3. Authors have chosen to use mouse aorta or pulmonary smooth muscle cells preferentially to address selective question – a major concern. Authors are recommended to produce the entire data set based on the pulmonary SMC and replace the aorta SMC data. An outcome from aorta SMC just represents as a model rather than its translation into HPV – especially Fig 1
4. A conventional hypoxia animal model demonstrates a high pressure on Day 21 (as shown in Fig 6) although the vasoconstriction starts at Day 7, which is subtle enough to translate into a RVSP – authors should acknowledge this. In this context, though NFAT5 is elevated in Wk1, it comes back to basal in Wk3, suggesting that NFAT5 might not play a role in HPV in a sustained fashion – a major setback! This part needs more discussion. How does the elevation of NFAT5 on wk1 translates into HPV? This outcome vaguely implies that NFAT5 activation is not a factor which drives HPV.
5. Similarly, the influence of NFAT5 on Hypoxic-SMC cells do not make a major impact since the seahorse outcome is not reversed completely, although statistically significant in a subtle fashion suggests that the role of NFAT5 in the mitochondrial activity of SMC under hypoxia is partial. Needs more discussion.
6. Authors could possibly show the doppler image for PAT/ET in the supplements
7. Fig 6 - A head-to-head comparison suggest that KO of NFAT5 in SMC lacks a complete influence on RVSP on Day 21 – a major setback for the claims made by authors in the entire story line.

Author Response

Please find our responses attached.

Author Response File: Author Response.pdf

Reviewer 2 Report

Dear editors,

Laban and colleagues present an excellent study that links NFAT5 expression and nuclear translocation to hypoxia. This finding alone is spectacular, as is the rest of the manuscript!

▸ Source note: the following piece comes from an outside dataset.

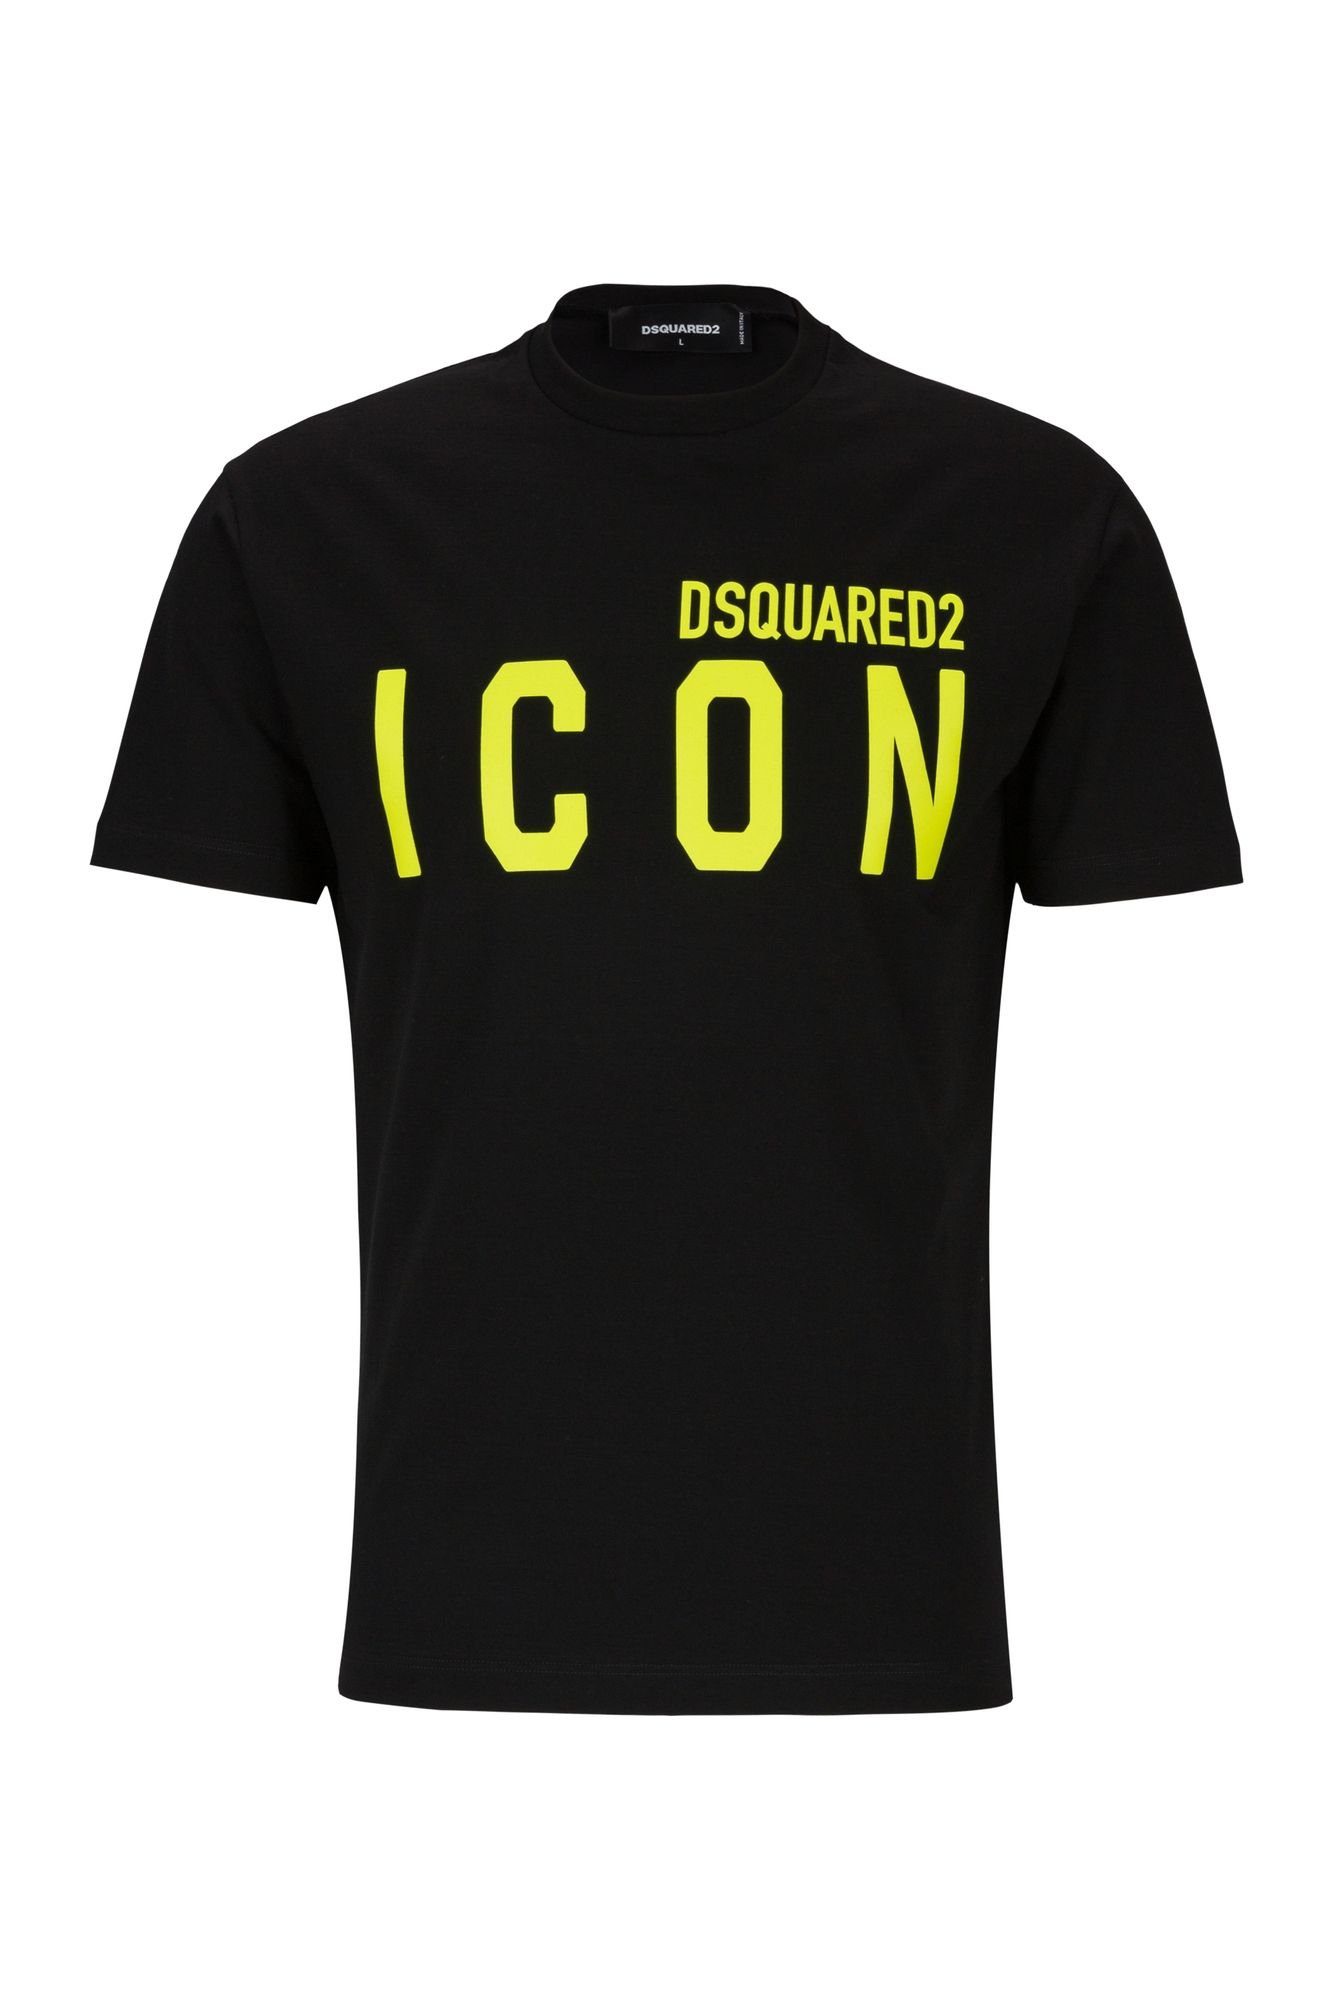 Green T-Shirt ICON Dsquared2 Neon Dsquared

In brief, Laban and colleagues show NFAT5 (TonEBP) to be increased in response to hypoxia in cultured pulmonary smooth muscle cells and investigate this in a mouse model that has cell-specific TonEBP deletion in smooth muscle cells.

The manuscript is well-written and an absolute joy to read. NFAT5 is an immensely interesting molecule that has essential functions (as stated by the authors) in cellular responses to osmotic stress (e.g. high-salt environment and the immune-system).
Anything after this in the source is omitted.